▶ _SOURCE DATA_:
*** Block opens ***

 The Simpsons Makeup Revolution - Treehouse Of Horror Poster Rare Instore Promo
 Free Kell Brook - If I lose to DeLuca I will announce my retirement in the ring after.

*** Block closes ***
*** Block opens ***

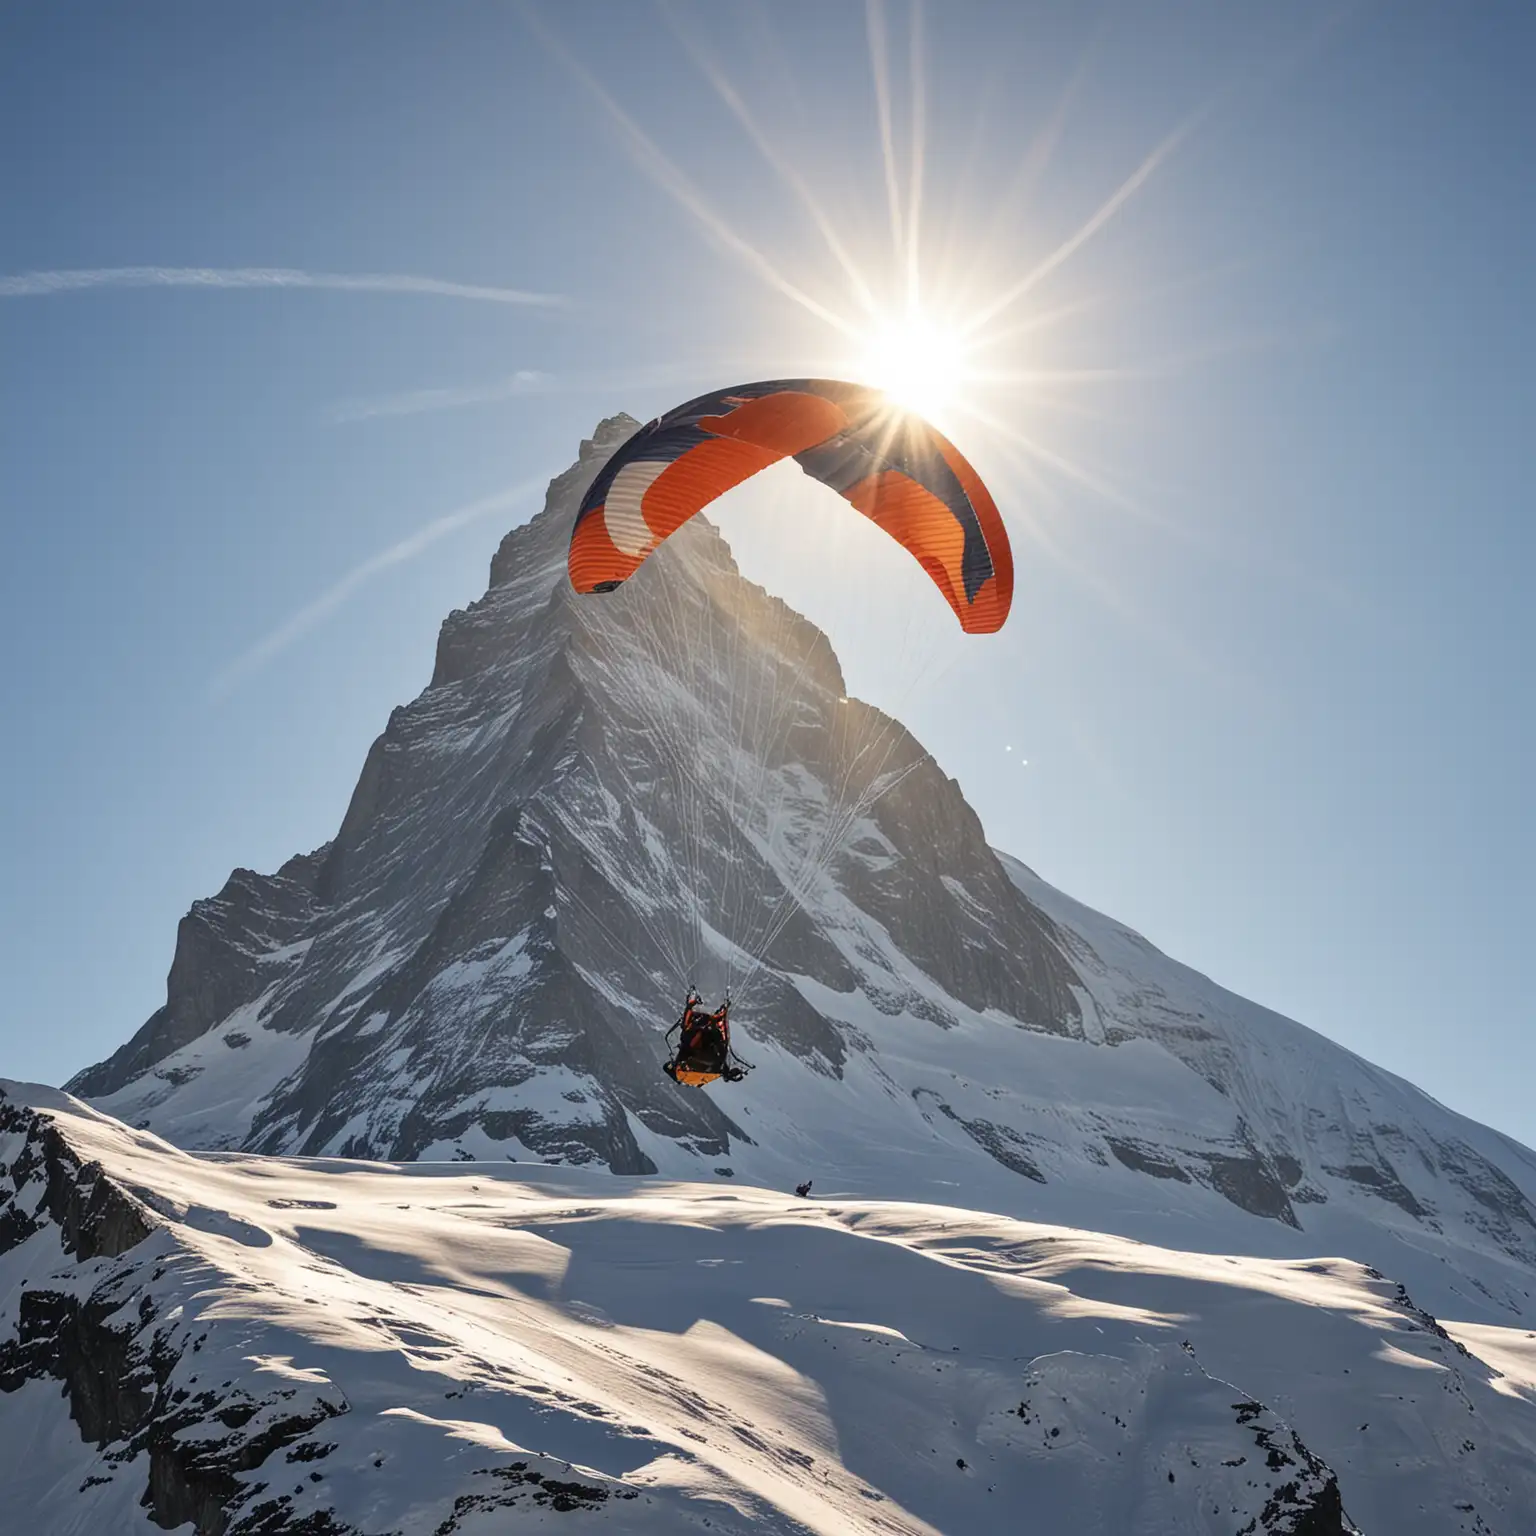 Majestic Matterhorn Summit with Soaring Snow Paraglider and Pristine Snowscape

*** Block closes ***

▶ _WORK REQUEST_: From the material above, set down exactly the lines starting at the one with "The Simpsons Makeup" and ending at the one with "Free Kell Brook", end lines included.

▶ _FINISHED TASK_:
 The Simpsons Makeup Revolution - Treehouse Of Horror Poster Rare Instore Promo
 Free Kell Brook - If I lose to DeLuca I will announce my retirement in the ring after.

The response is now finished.